Build a concordance¶
Goal¶
Build a concordance to examine the context of occurrence of a given string.
Prerequisites¶
Some text has been imported in Orange Textable (see Cookbook: Text input) and possibly further processed (see Cookbook: Segmentation manipulation).
Procedure¶
- Create an instance of Segment and an instance of Context on the canvas.
- Drag and drop from the output connection (righthand side) of the widget instance that emits the segmentation in which occurrences of the query string will be retrieved (e.g. Text Field) to the Segment widget instance’s input connection (lefthand side).
- Also connect both the Text Field instance and the Segment instance to the Context instance (thus forming a triangle).
- Open the Segment instance’s interface by double-clicking on its
icon on the canvas and type the string whose context of occurrence will be
examined in the Regex field (here:
hobbit
); assign it a recognizable Output segmentation label, such as key_segments for instance. - Click the Send button (or make sure the Send automatically checkbox is selected).
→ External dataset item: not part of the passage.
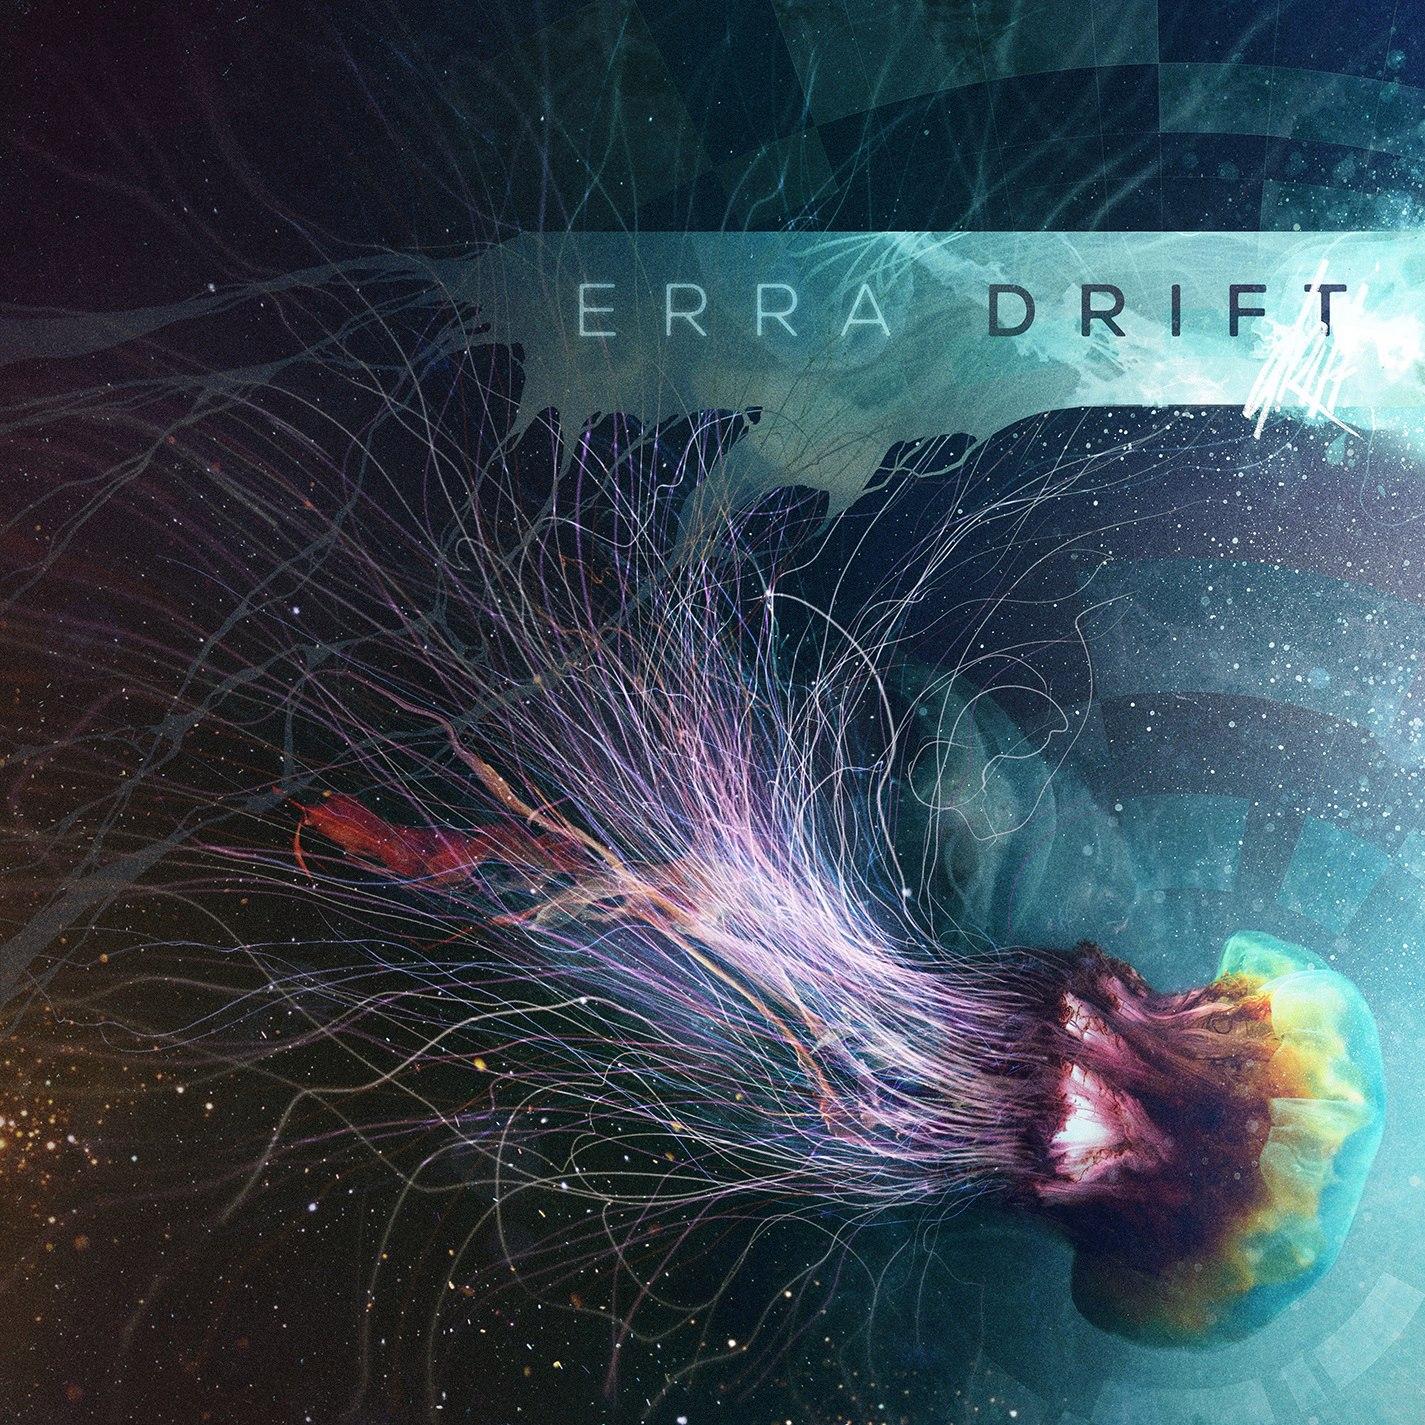 Erra - Drift (2016)

- Open the Context instance’s interface by double-clicking on its icon on the canvas.
- In the Units section, select the segmentation that contains the occurrences of the query string (here: key_segments) using the Segmentation drop-down menu.
- In the Contexts section, choose Mode: Containing segmentation and select the segmentation that contains the original text (here: text_string, as emitted by the Text Field instance) using the Segmentation drop-down menu.
- Tick the Max. length checkbox and set the maximum number of characters that should be displayed on either side of each occurrence of the query string.
- Click the Compute button (or make sure the Compute automatically checkbox is selected).
- A table showing the results is then available at the output connection of the Count instance; to display or export it, see Cookbook: Table output.
Comment¶
- In the Regex field of the Segment widget you can use all the
syntax of Python’s regular expression (cf. Python documentation); for instance, if you wish to
restrict your search to entire words, you might frame the query string with
word boundary anchors
\b
(in our example\bhobbit\b
).